**TASK OBJECTIVE**
The reply is a verbatim copy of the listing below with its images dropped.

**PROVIDED MATERIAL**
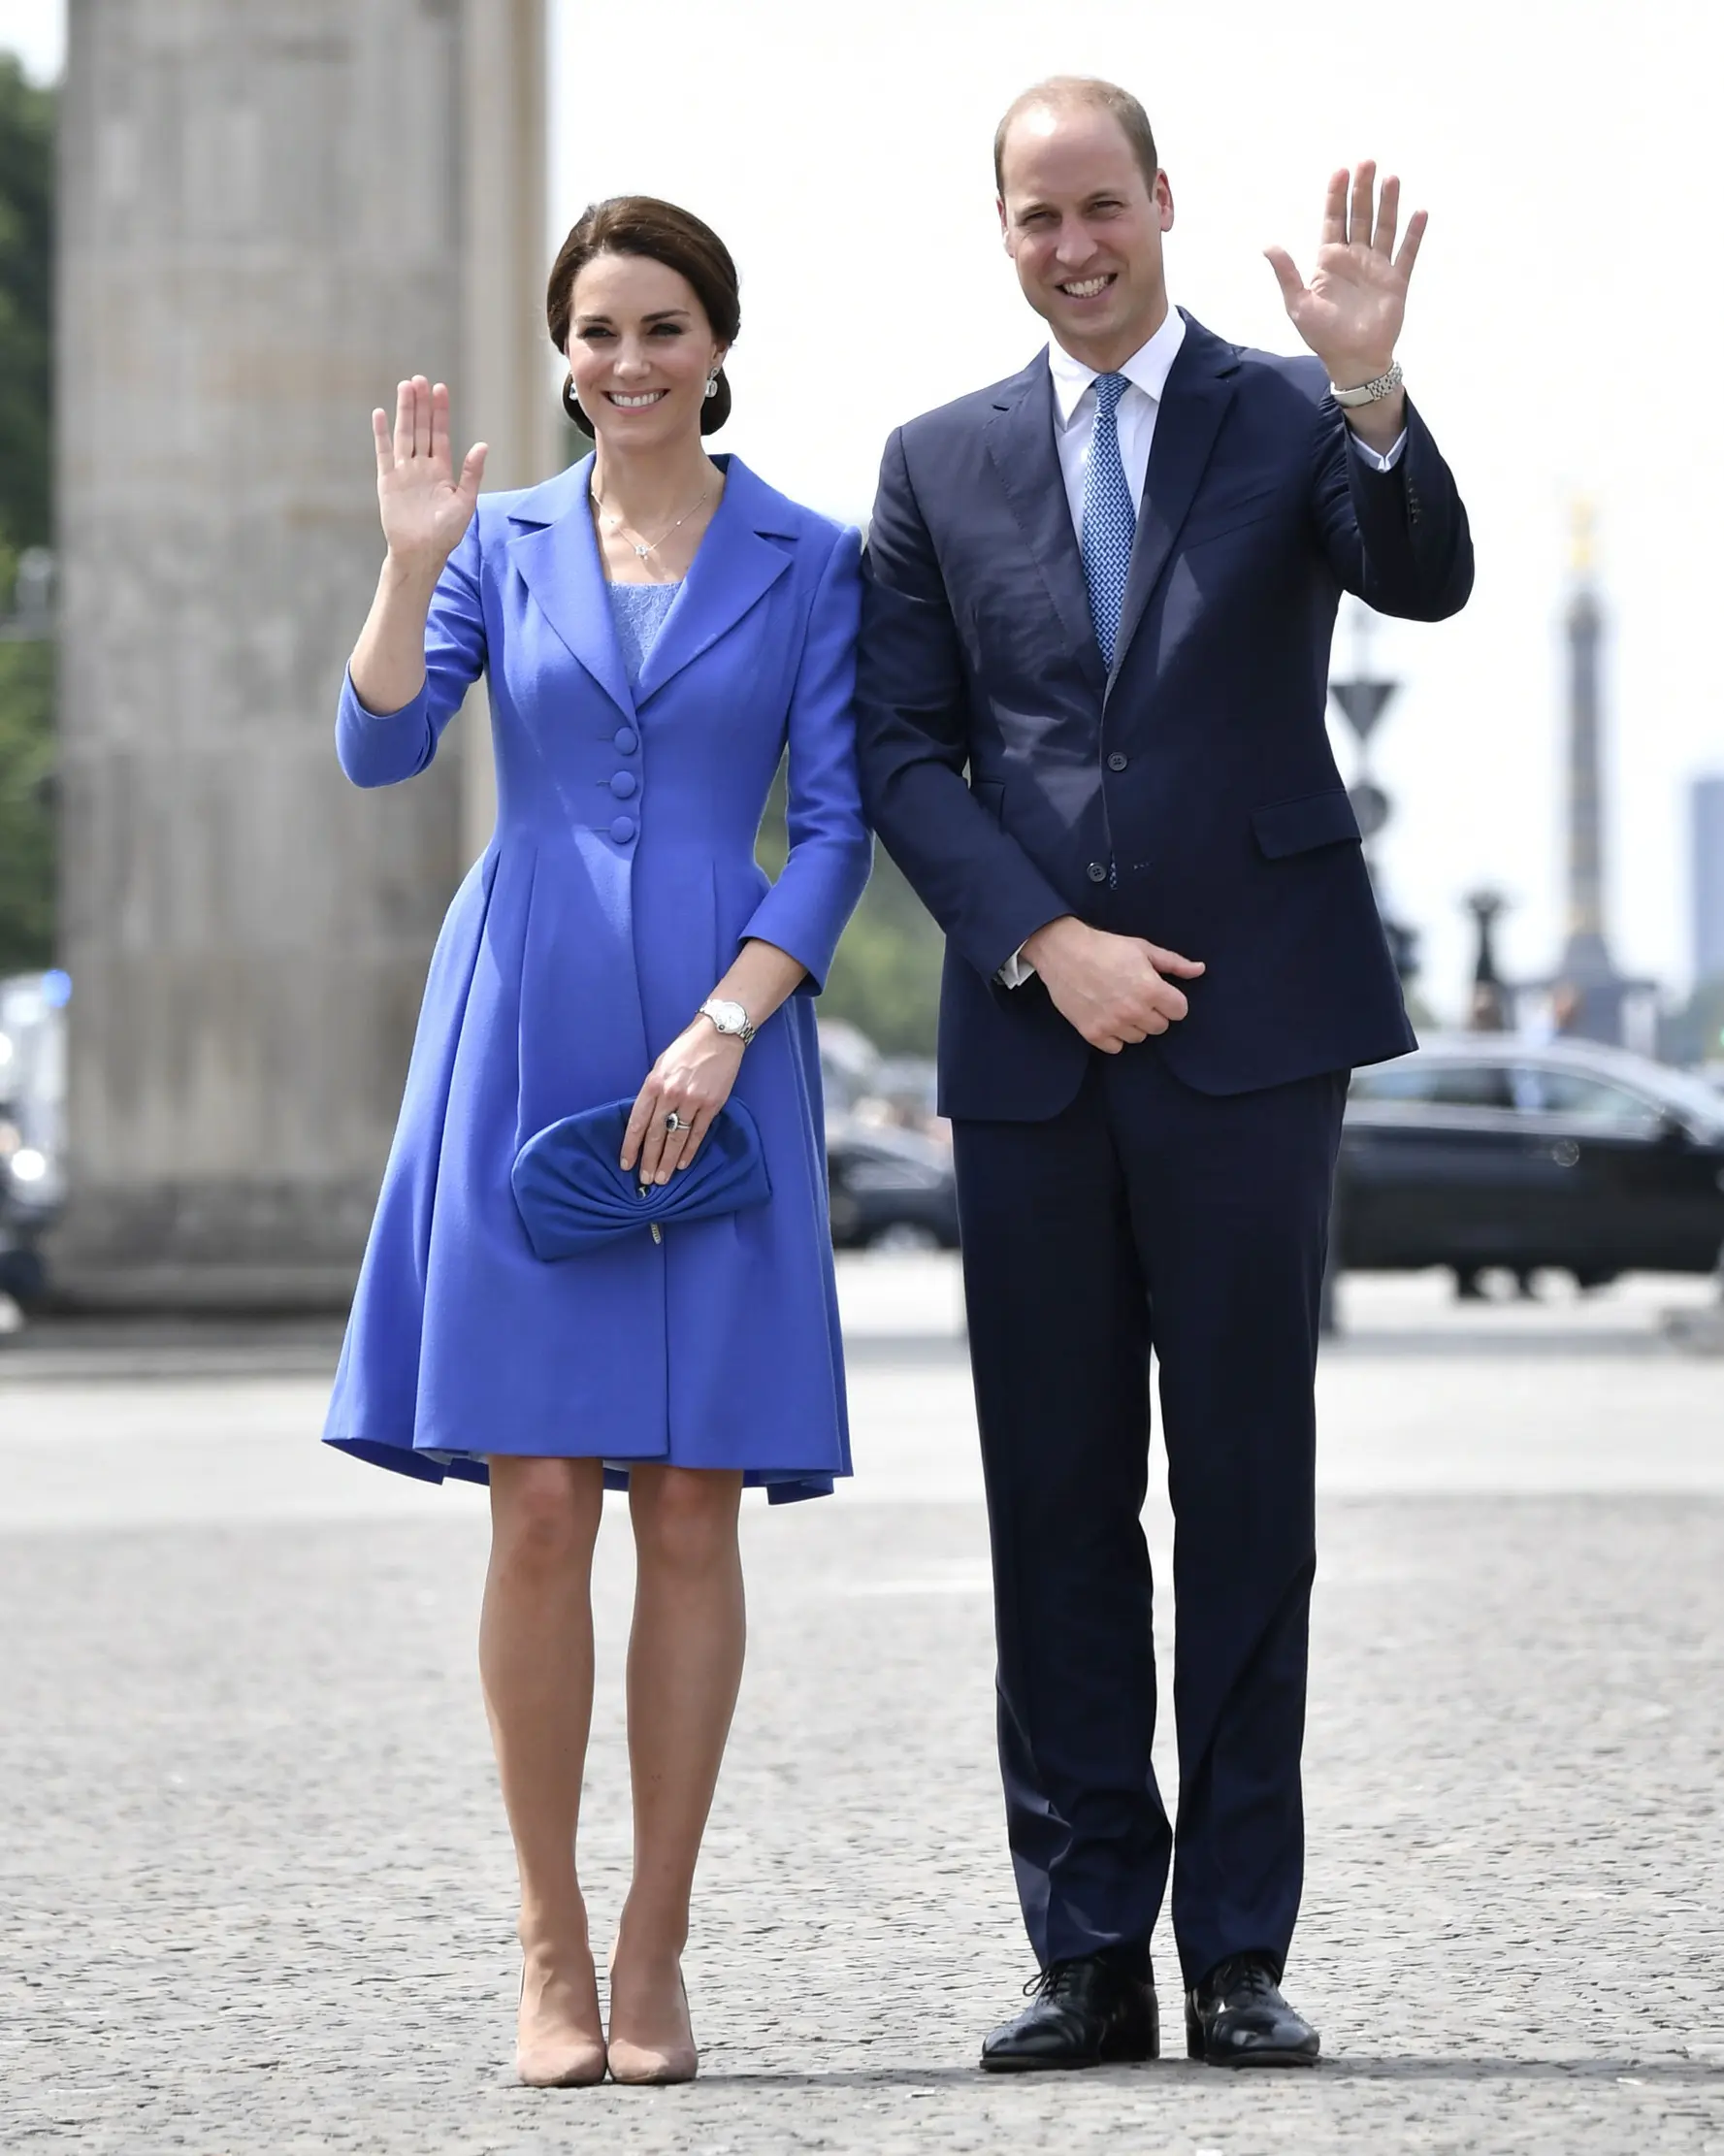 Pangeran William dan Kate Middleton melambaikan tangan sambil berpose di depan Gerbang Brandenburg di Berlin, Rabu (19/7). Pangeran William terlihat mengenakan setelan biru navy model klasik dan dasi biru untuk mengimbangi sang istri (John MACDOUGALL/AFP)
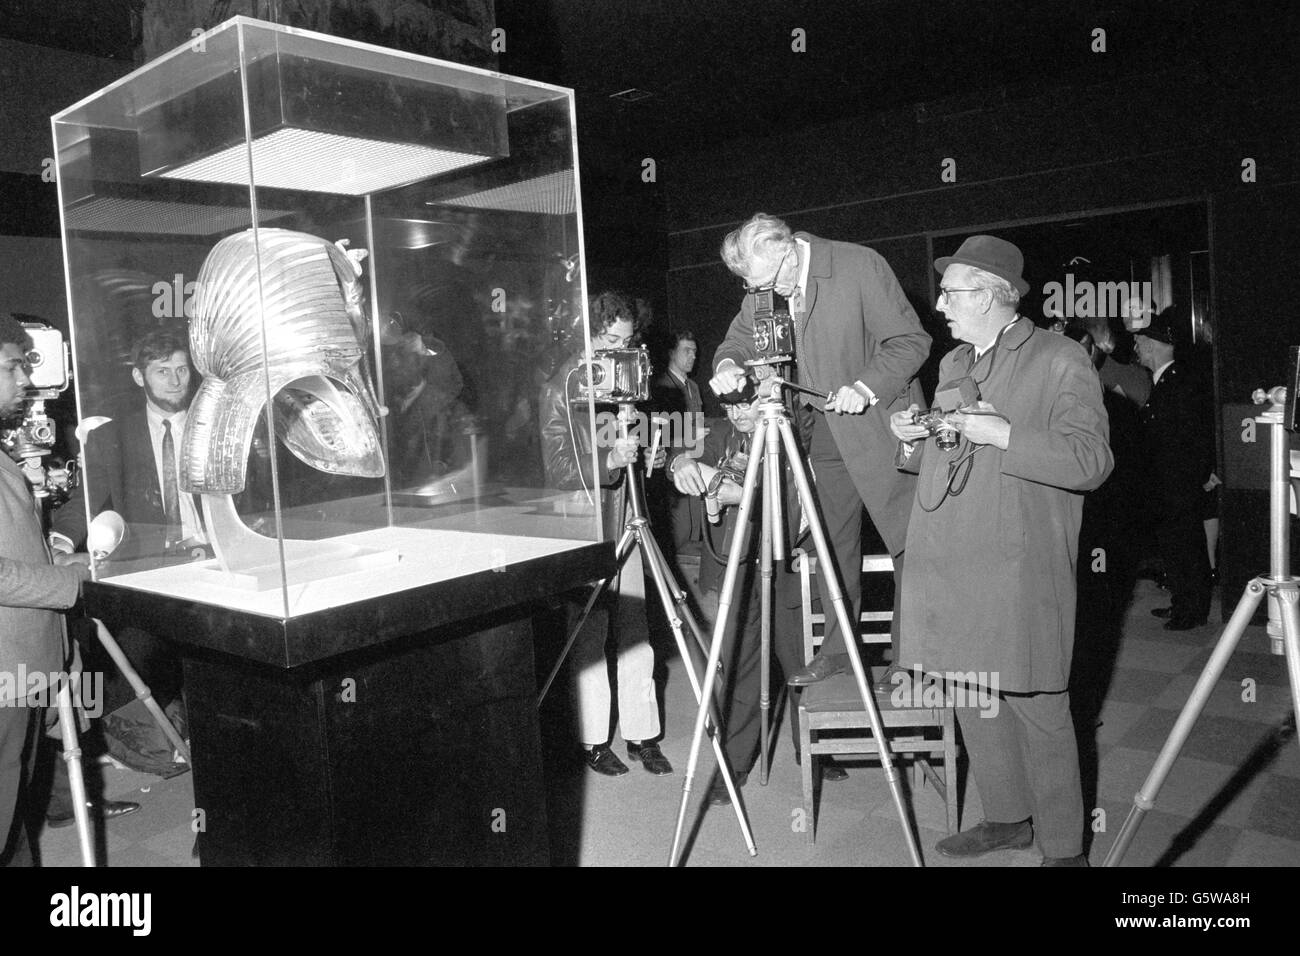 Geschichte - Tutanchamun Ausstellung - British Museum, London. Fotografen versammeln sich um die Totenmaske aus massivem Gold des ägyptischen Pharao Tutanchamun im British Museum. Stockfoto
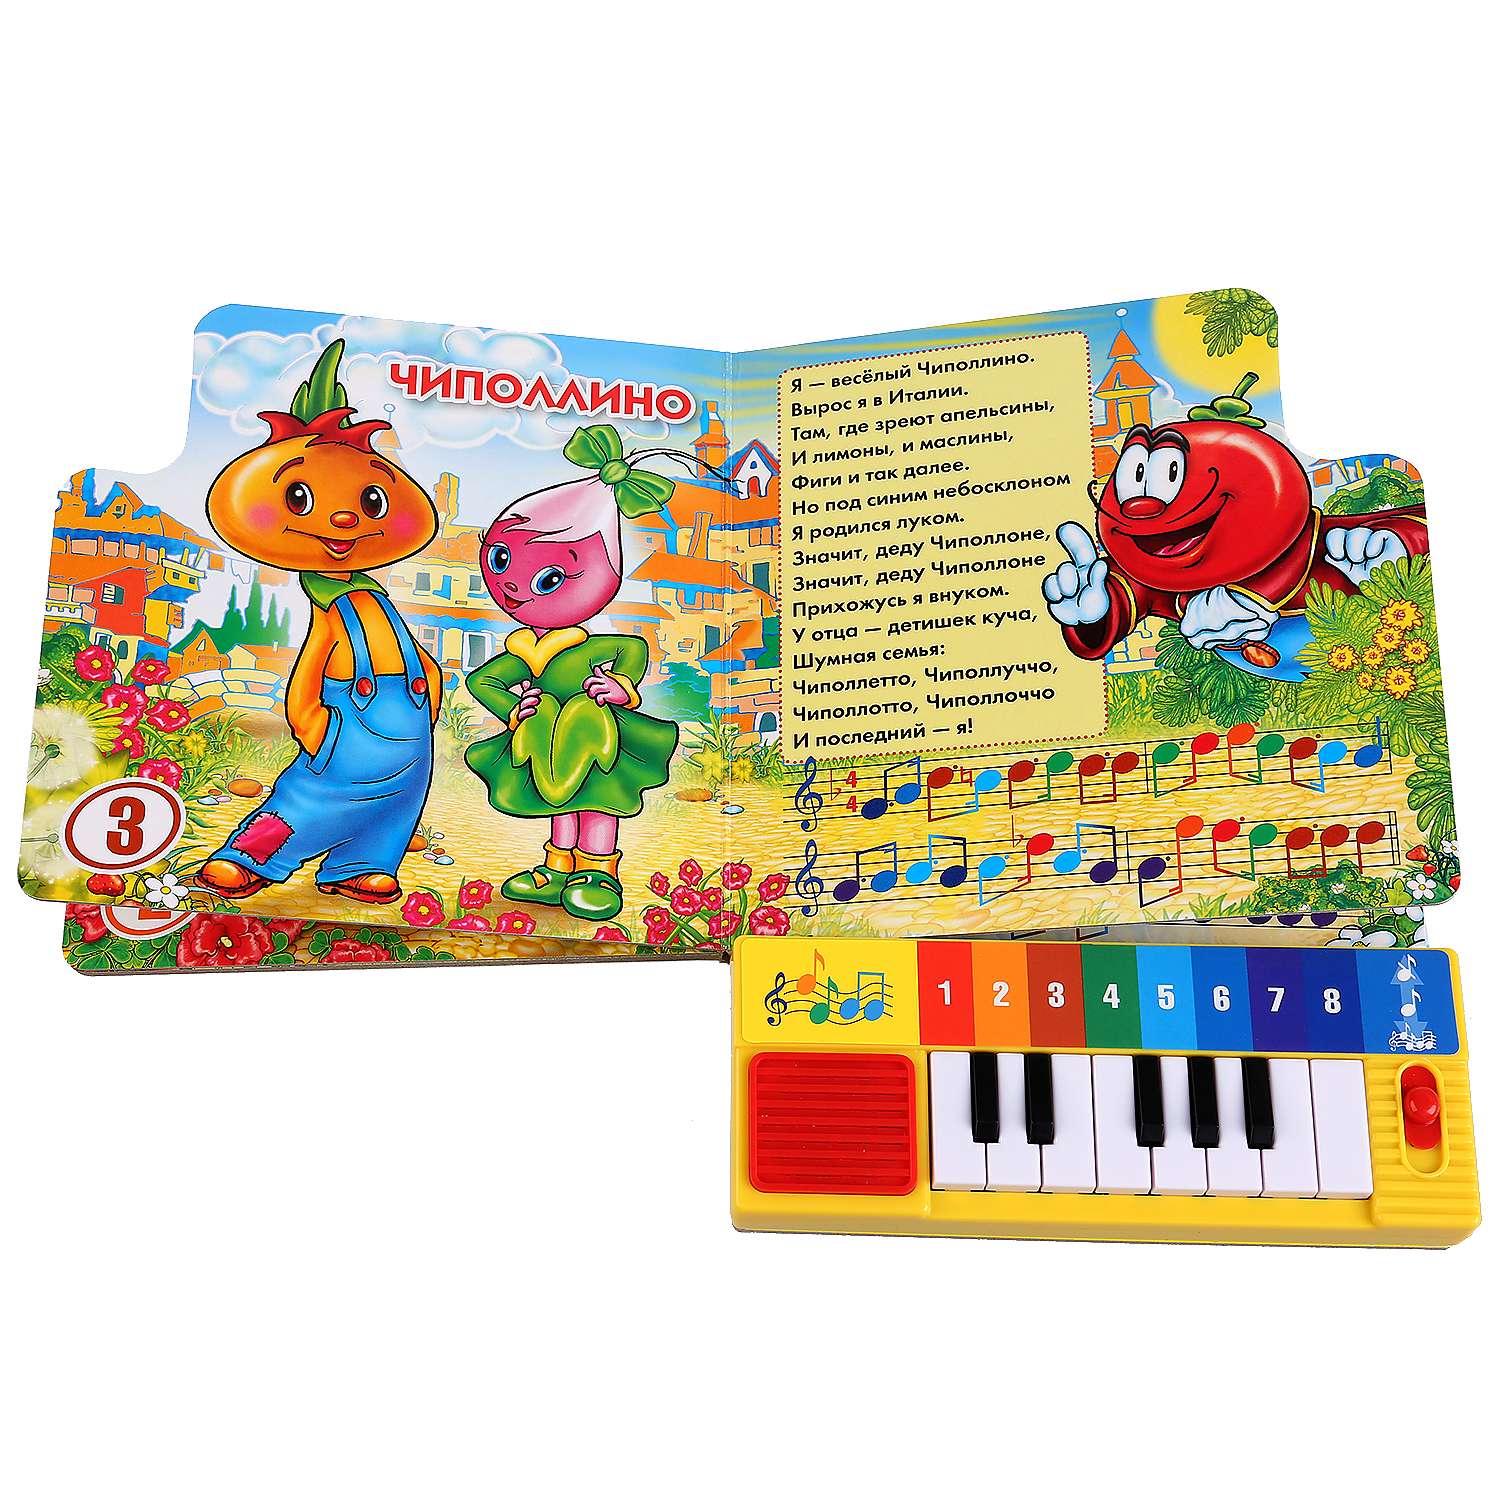 Детская песня 1 5 года. Книга пианино для малышей. Книжка с пианино для малышей. Книжка пианино Умка. Музыкальные книги для детей.

**RESULT OF THE EXERCISE**
 Pangeran William dan Kate Middleton melambaikan tangan sambil berpose di depan Gerbang Brandenburg di Berlin, Rabu (19/7). Pangeran William terlihat mengenakan setelan biru navy model klasik dan dasi biru untuk mengimbangi sang istri (John MACDOUGALL/AFP)
 Geschichte - Tutanchamun Ausstellung - British Museum, London. Fotografen versammeln sich um die Totenmaske aus massivem Gold des ägyptischen Pharao Tutanchamun im British Museum. Stockfoto
 Детская песня 1 5 года. Книга пианино для малышей. Книжка с пианино для малышей. Книжка пианино Умка. Музыкальные книги для детей.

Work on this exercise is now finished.